There has long been a consensus from the industry in Norway. Until recently the industry’s voice has been: to the extent they were willing to acknowledge any problems, they would say “we are working on this, and technological solutions will be in place in a couple of years”. But they have been saying the same thing for decades.

“Tide change beginning to sweep Norway”
Signs of a tide change beginning to sweep the industry are breaking daily in major Norwegian media. Dagbladet, the country’s second biggest paper, ran a story pointing out that catches are plummeting in the Alta, “the world’s best salmon river” as the amount of farmed salmon in the nearby Altafjord increases. The production manager of Grieg Seafood’s operations in Alta was quoted saying: “The only solution is to get the fish into closed containment”.

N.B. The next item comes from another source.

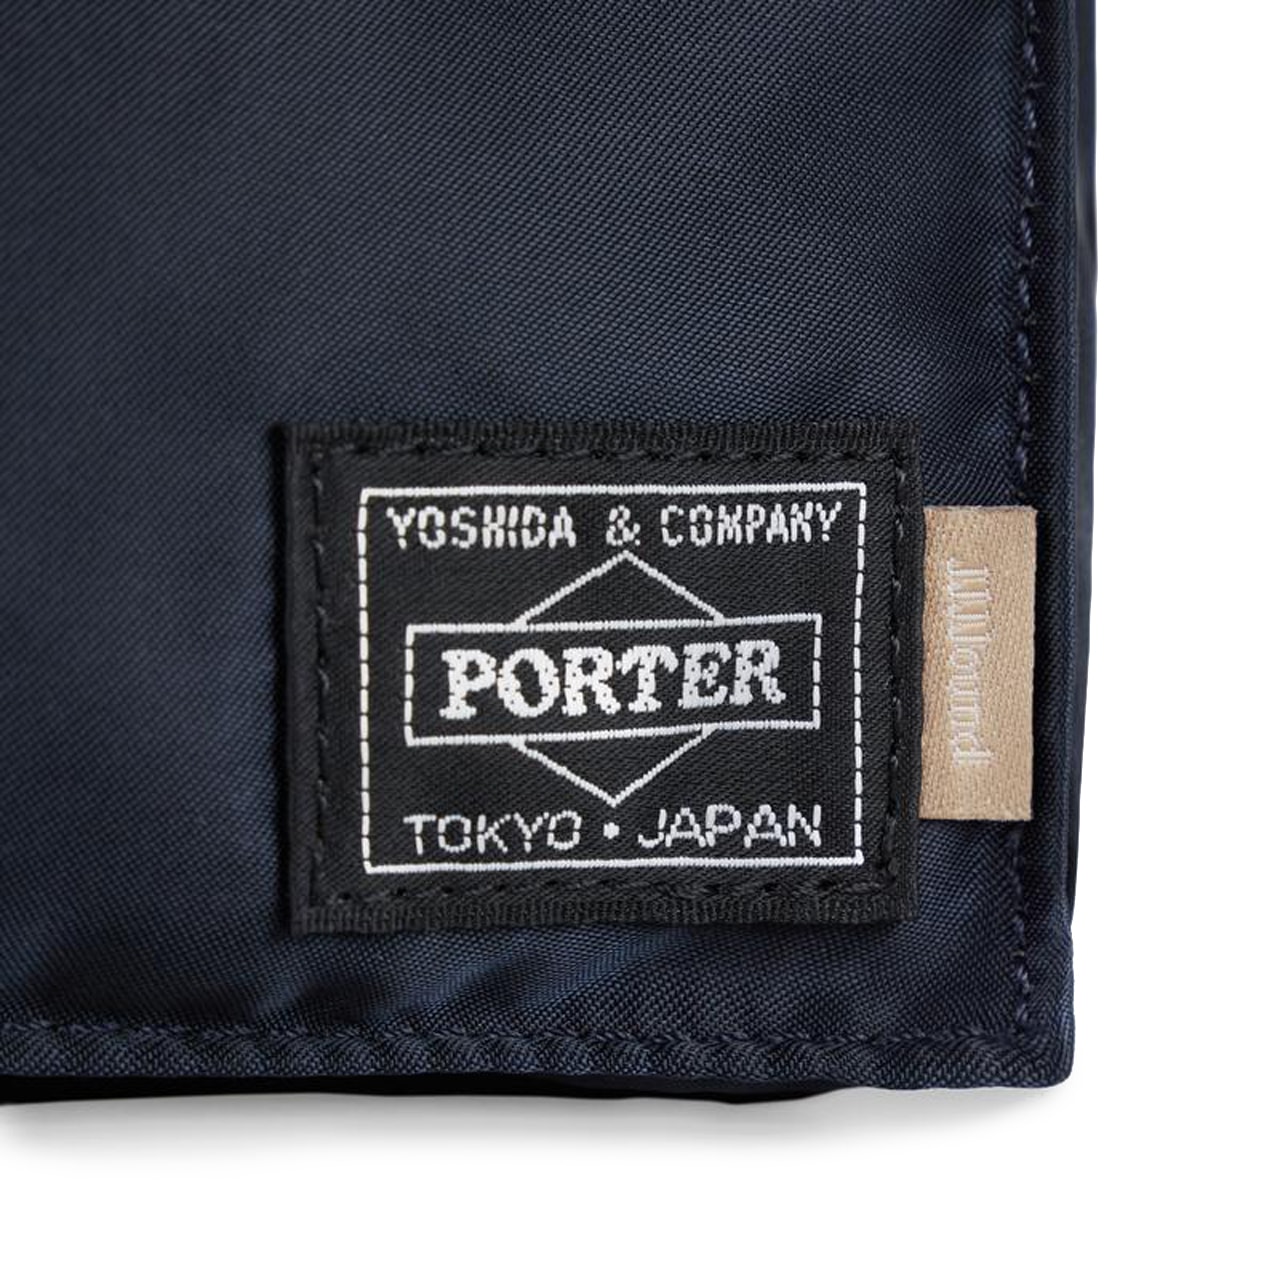 JJJJound x PORTER Yoshida Kaban 85th Anniversary Collaboration bag collection boston duffle tote shoulder briefcase pouch release date info buy february 11 price
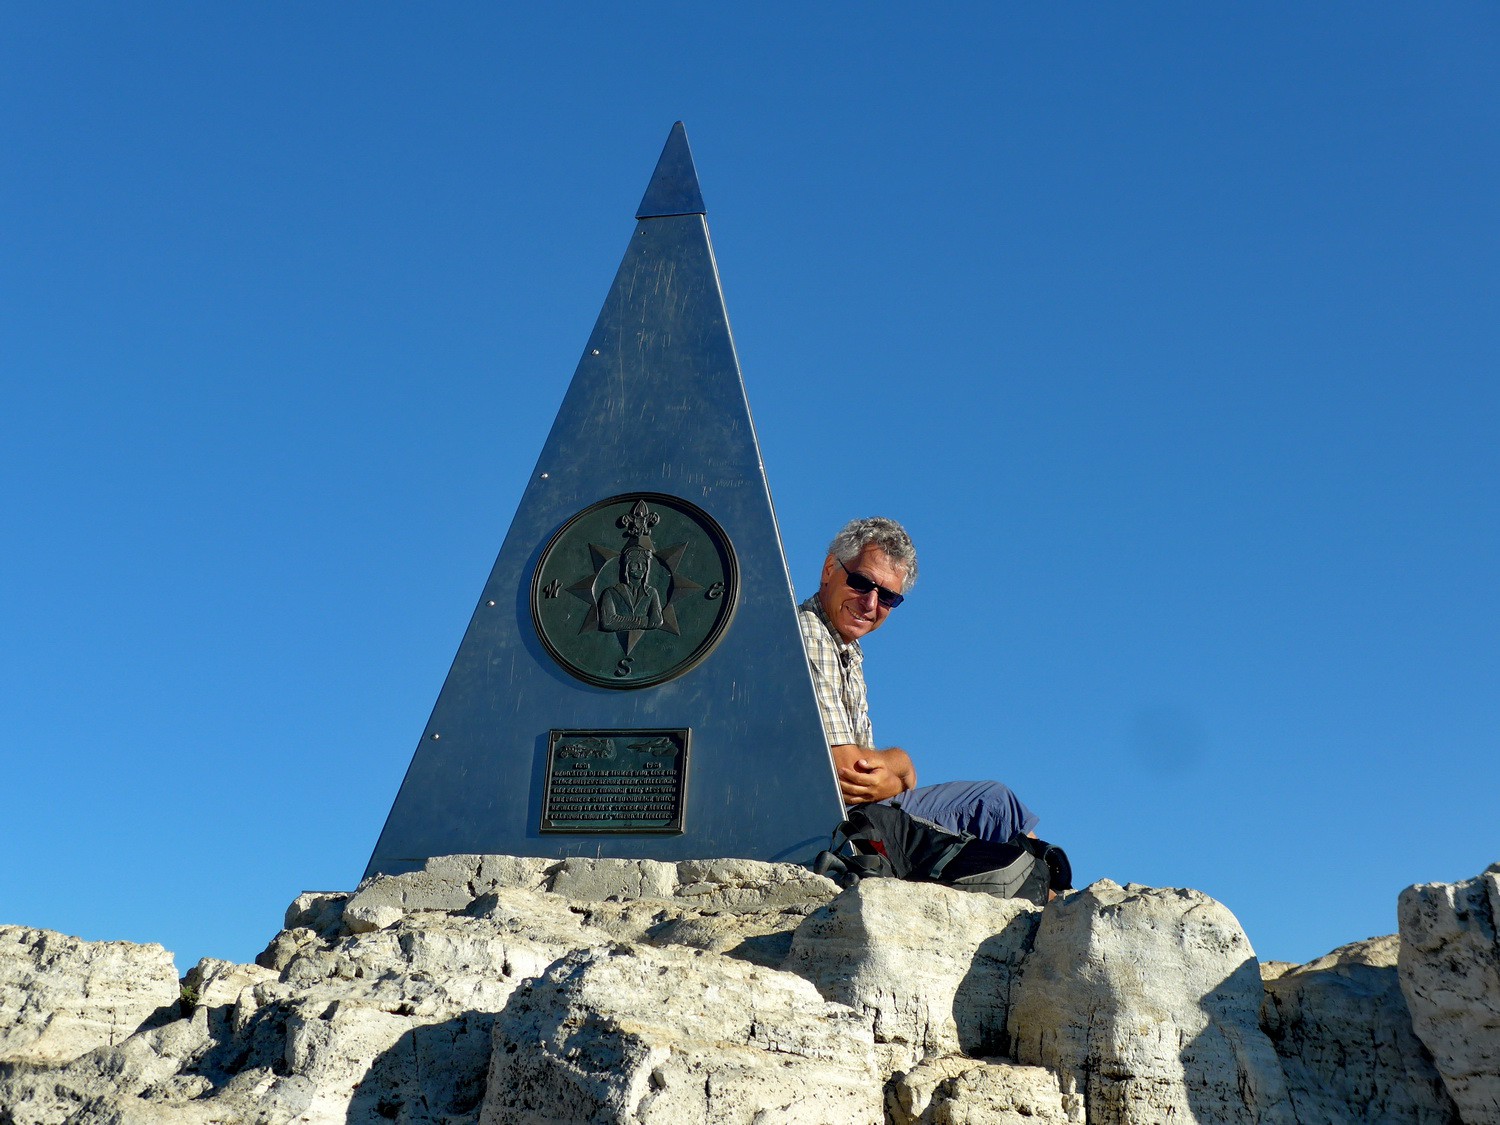 Alfred on top of 2667 meters high Guadalupe Peak which is the tallest mountain of Texas

The following day the front page of the paper in Bergen read: “CEO of Marine Harvest prepared to invest US $100M: if everything works as planned, closed containment systems will replace open-net pen salmon farms”.

The Delegation also met with MP Frank Bakke-Jensen, from the governing party, and suggested that with the clear consensus emerging in Norway finally being acknowledged by industry, the government runs the risk of no longer providing leadership, unless they get out in front of the parade.

After meeting with Cermaq we met some Oslo friends outside, and held up banners and flags to demonstrate that wild salmon people are on the move in Norway. It was a perfect way to end our time in Oslo—because Cermaq’s offices are located at the mouth of the Akerselva River, where we’d recently seen a wild salmon spawner which had literally swum under the cobbles beneath our feet, heading up the river.

Returning to Canada informed, connected and stoked
The Wild Salmon Delegation returns to Canada better informed about the state of crisis in which the Norwegian industry finds itself due to sea lice, disease outbreaks, and genetic pollution of wild stocks. We’re connected to the wild salmon movement in Norway, and stoked to continue to advocate for protection of wild salmon. Perhaps most exciting of all is the connections which Ahousaht citizens n̓aasałuk (John Rampanen) and his son Qwyatseek wove with Sami people, who have depended not only on the reindeer herds but also the wild salmon for millennia.

A special thanks to Rune Jensen from Salmon Camera who helped develop the Norway ground plan; Kurt Oddekalv from Green Warriors of Norway, the Delegation host in Bergen who also facilitated the Alta action; and Sami reindeer driver Åsá Márgget Anti, who opened her heart and home, introduced us to Sami elder Tore Bongo, and took n̓aasałuk and Qwy reindeer herding in the middle of a sub-zero Arctic night. Ollu gittu, ƛeeko ƛeeko, tusen takk—a thousand thanks from the bottom of our hearts to everyone who supported the Wild Salmon Delegation to Norway—in so many ways!

Dan Lewis was in Norway with Clayoquot Action’s Wild Salmon Delegation.